Изменить стиль страницы

Разжег примус, вдосталь натрудившись от непривычки, зачерпнул с кормы водицы; когда она запарила, бросил побольше заварки; из багажника вынул все, что было съедобного: остатки вчерашней рыбы, копченую колбасу, масло, мятые персики. Позвал Макса. Ели так, будто ночь напролет таскали мешки с солью, да к тому же еще промокли. Зная, что выпивки никакой нет, Ник припомнил словечко: «Попьем?» Макс ответил вполне серьезно: «На охоте — сухой закон». Зато чай-чифир выпили до донышка, разогрелись, как от вина.

Влезли под брезент — делать-то больше нечего, — подремали, отягощенные пищей, помолчали в полудреме. Принялись курить.

— Сижу вчера один, на корме, закидушку держу. Тихо — перед сумерками, что ли, или перед дождем так бывает. Выстрелы и те как хлопушки бумажные, и мелкая мошкара тоненько зудит. Вижу — из-за кундрака, совсем недалеко, два лебедя выплывают. Неслышно так, даже вода позади не рябит. Как по стеклу скользят. И розоватые — не то такие и есть, не то от заката. Дышать перестал, чтобы не испугать их. Да они, видно, и не пуганые. Проплыли силуэтами, исчезли. А может, это в воображении у меня было?.. Вот бы кого не смог никогда убить.

— Мне пришлось раз…

— Неужели?

— В тумане. Принял за гуся. Сварили с дружком — мясо старое, жесткое, вкуса какого-то голубиного. Пух, правда, отличный.

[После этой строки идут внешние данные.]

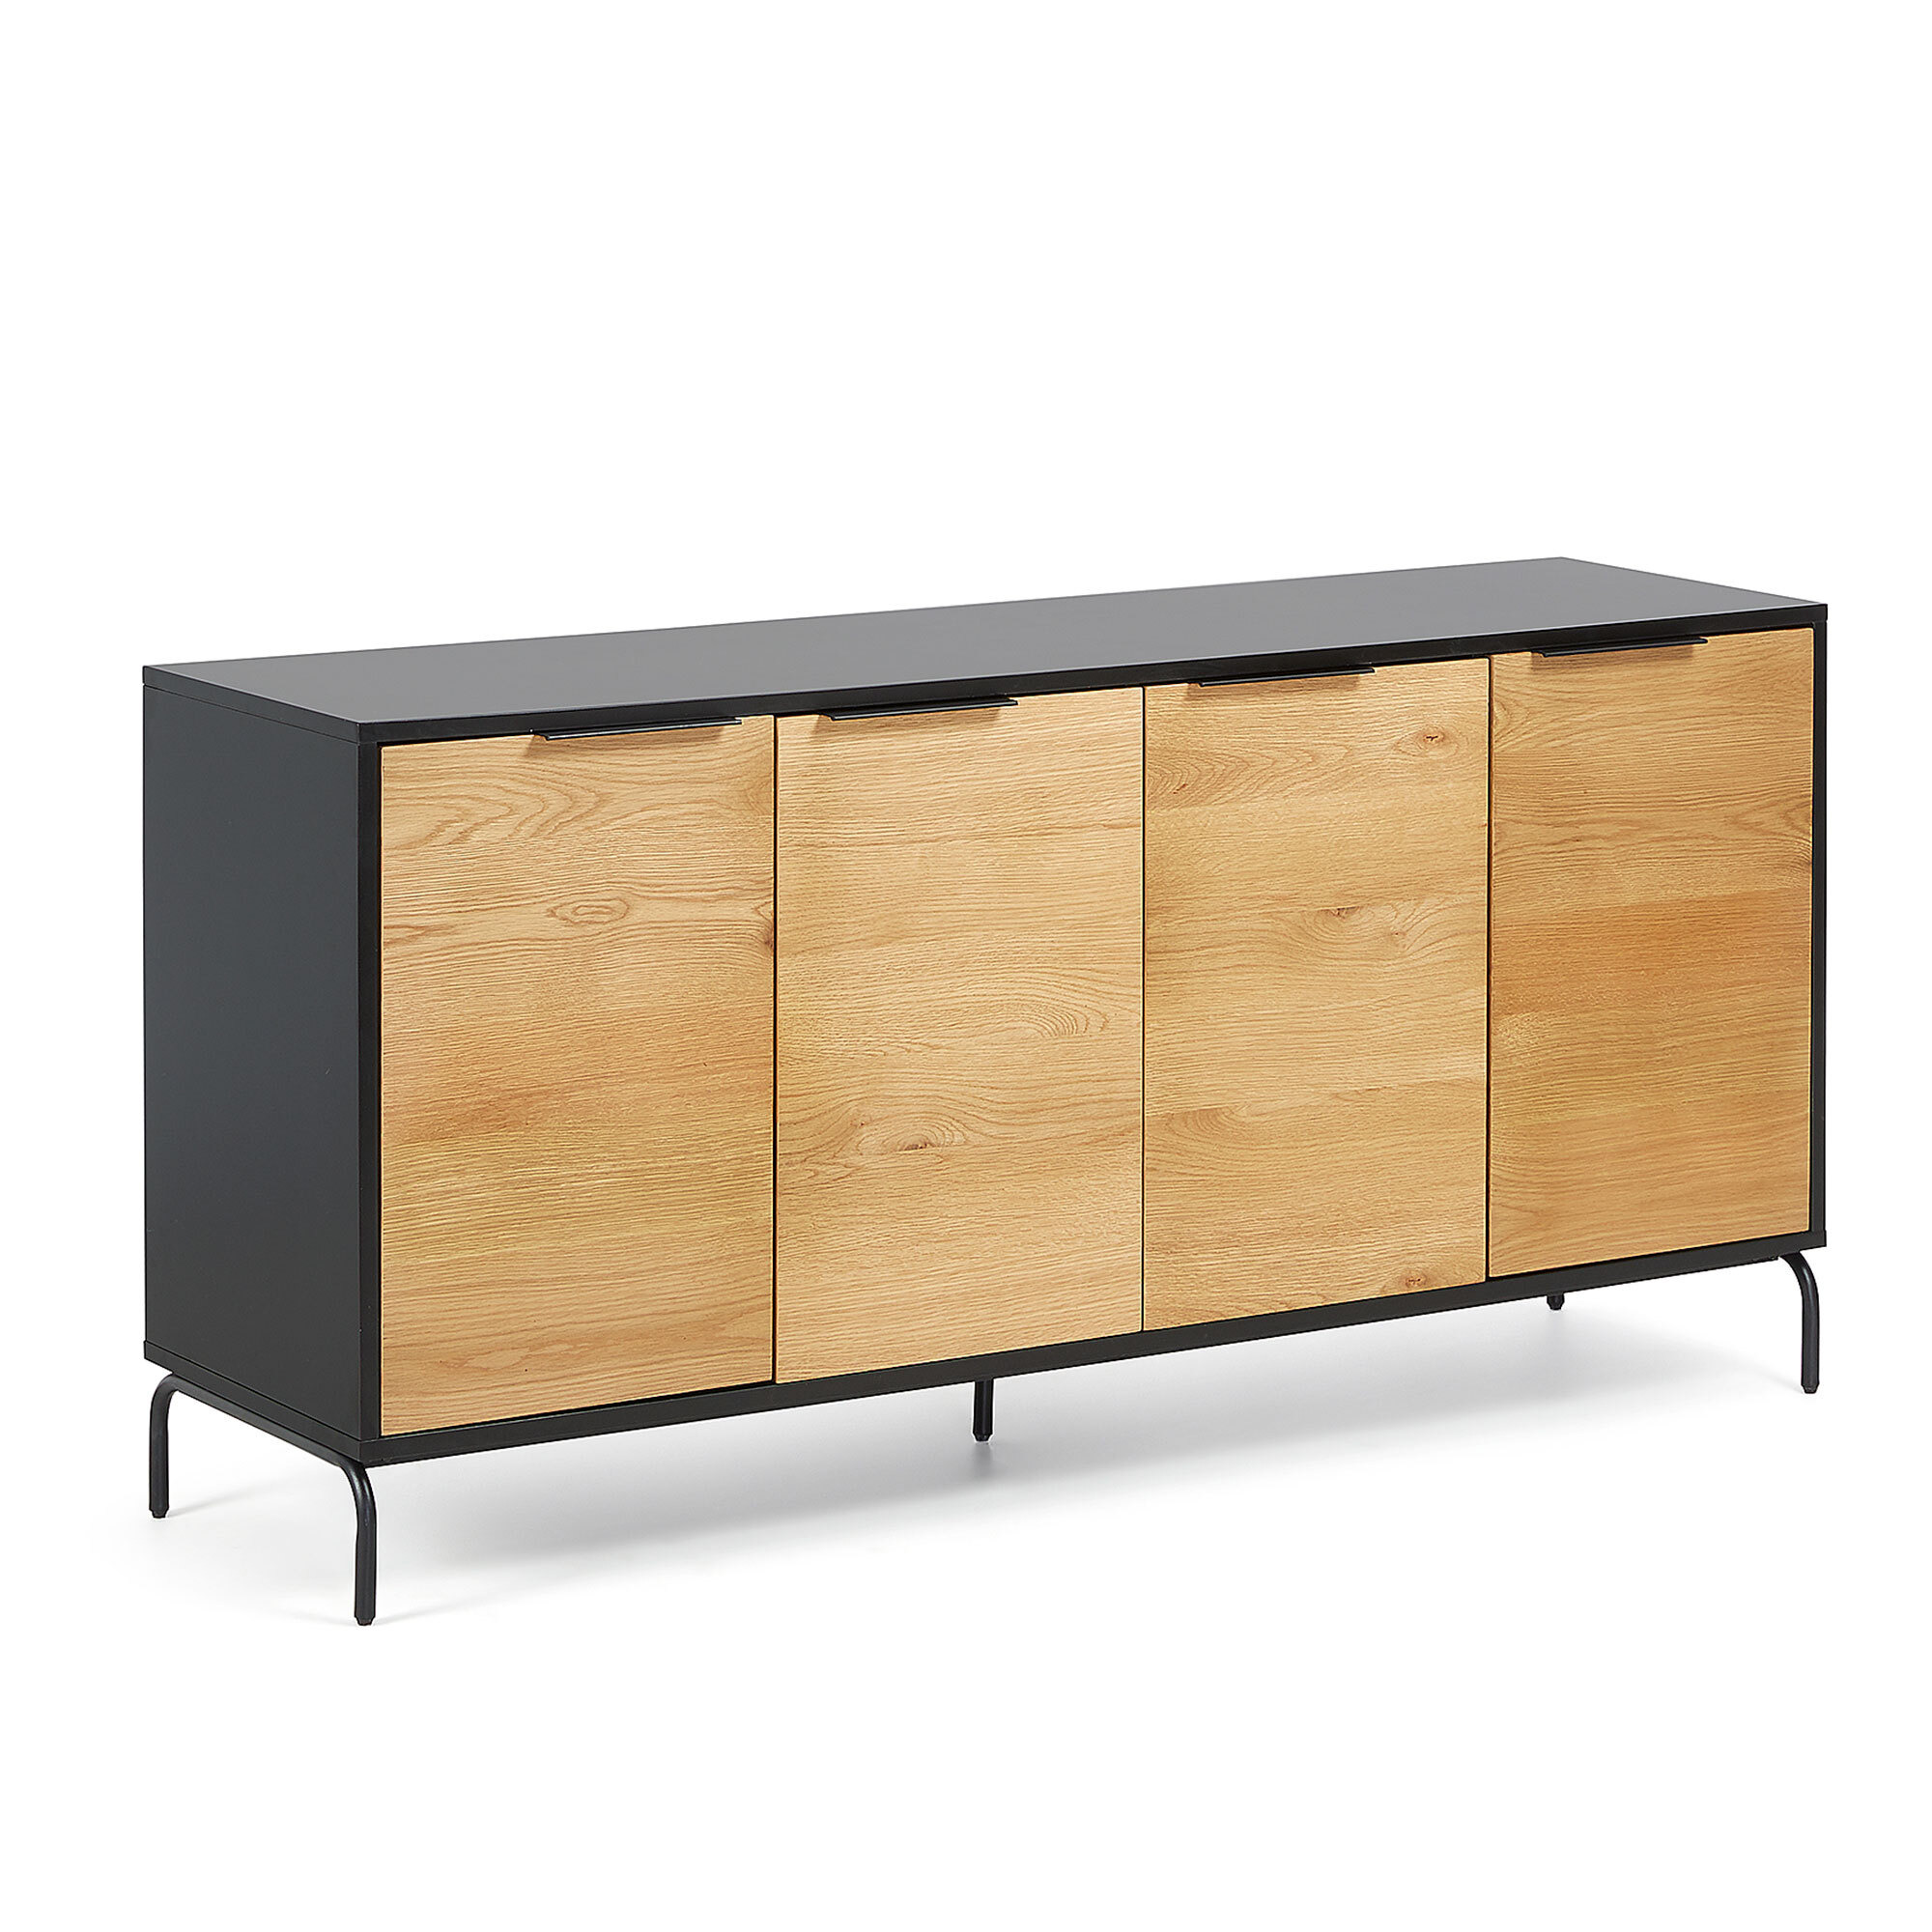 Savoi 4 door MDF sideboard with black lacquer & painted steel, 165 x 80 cm

— В рот бы не взял. От этого душевно больным можно сделаться.

— Голодные были.

— Какая-то вечная, даже святая красота.

— Думал об этом. Красота — да. Но прав у нее на жизнь ничуть не больше, чем у мотылька, а тем более у кашкалдака. Другое дело — не дать выбить, сохранить. Говорят, и медведя на Сахалине запретили истреблять — надо же оставить для экзотики. А в нем мало чего лебединого.

— Ну, сравнил.

— Не вижу большой разницы. Природа всех одинаково любит. Не бить — так никого не бить.

— А жить как?

— Вот-вот. Ты голову курице отрубишь?

— Зачем?

— В этом вся суть: кушать — пожалуйста, а рубить должен другой. Значит, признаешь разделение на убивающих и потребляющих. Магазинная курица — не больше как любой товар, колбаса почти не мясо.

— Далеко что-то забрался.

— Ничуть. Все рядом лежит. Если я окультурился, не могу отрубить курице голову, то до каких пор тот, другой, согласится рубить для меня? Он что — человек в полцены?

— Ну, каждому свое.

— Понятно: лебедя оставим, медведя уничтожим. Весь мир из лебедей.

— Я этого не говорю.

— Так получается. А по мне, если хотя бы в воображении не можешь заколоть быка, отрубить курице голову, — не ешь мясо. Не имеешь морального права.

— Потому ты убиваешь?

— Может быть. Но ведь и ты приехал убивать. Правда, ружье — не топор. Им легче. Даже красиво. Даже возвышенно.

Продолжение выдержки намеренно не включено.